If you are managing your own business, you want to know how much cash you are spending or “burning”. That figure, how much money you spend each period, is your cash burn rate. Every entrepreneur should know this number.
Cash Burn Rate Definition
The Cash Burn Rate is the amount of money that is being used up by a business in a given period of time. You can compare this to a car engine. How much fuel does the engine use or burn to drive one kilometer? The cash burn rate tells you how much cash your business is burning to continue or drive for one month (or any other period over which you would like to measure it). The total number of months your business can continue without running out of money is your cash runway.
Cash Burn Rate Calculation
The Gross Cash Burn Rate only takes into account the cash outflow of your business. It ignores the cash inflow your business generates (from revenue and other sources of cash).
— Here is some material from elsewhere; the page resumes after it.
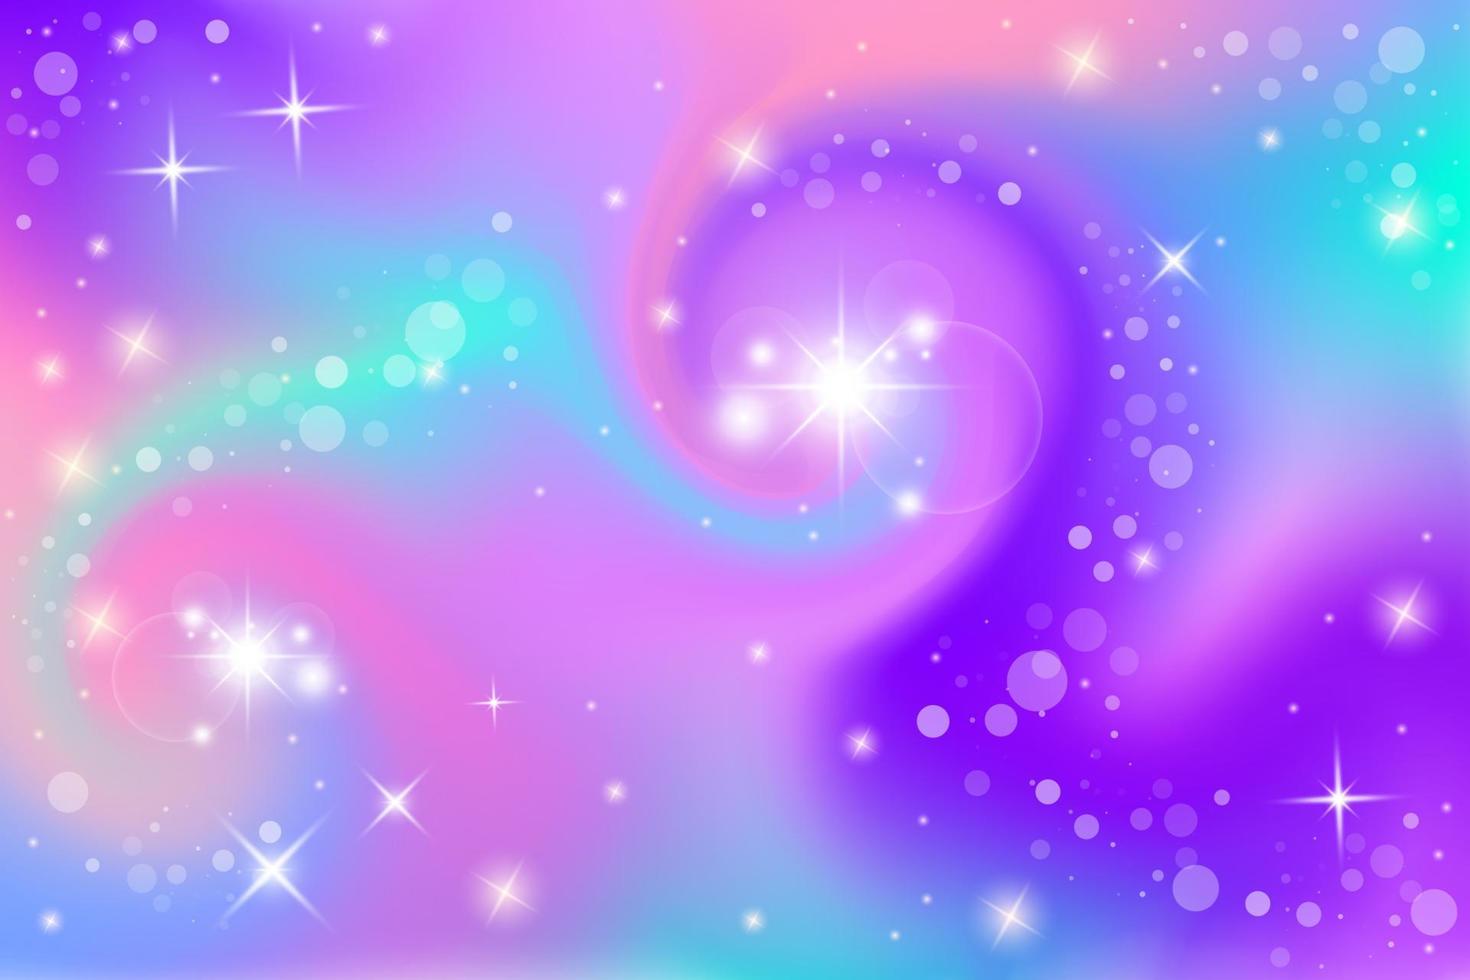 fantasi bakgrund. holografisk illustration i pastellfärger. söt tecknad tjejig bakgrund. ljus mångfärgad himmel med stjärnor och bokeh. vektor. vektor

You can calculate the gross cash burn rate by adding all cash payments over a given period of time (usually one month).
Monthly Gross Cash Burn Rate = the sum of all outgoing cash payments during a month, the total cash that is spent each month.
The Net Cash Burn Rate starts from all the cash flowing into your business
Monthly Net Cash Burn Rate = monthly cash inflow – monthly cash outflow = the sum of all the cash flowing into the business – the sum of all the cash flowing out of the business, on average during a month (usually calculated as the average over the last 6 or 12 months).
For example: at the start of the year, you had 150k on your bank account. Now, by the end of June, your bank account shows a balance of 90k. As a result, the monthly net cash burn of your business over the last six months is 10k.
Cash Runway Definition
The Cash Runway of your business tells you how much longer you can keep running the business without running out of cash.
Measuring your cash runway is important. Especially when your current cash outflow is higher than your cash inflow. In that case, you are burning cash every month. Then you need to get a view on how much longer this can continue.
In the example above, the monthly net cash burn rate was 10k. With a current bank balance of 90k, the cash runway of the business is 9 months. In other words, if no additional money comes in and the monthly cash burn rate stays the same, the business would run out of cash after 9 months.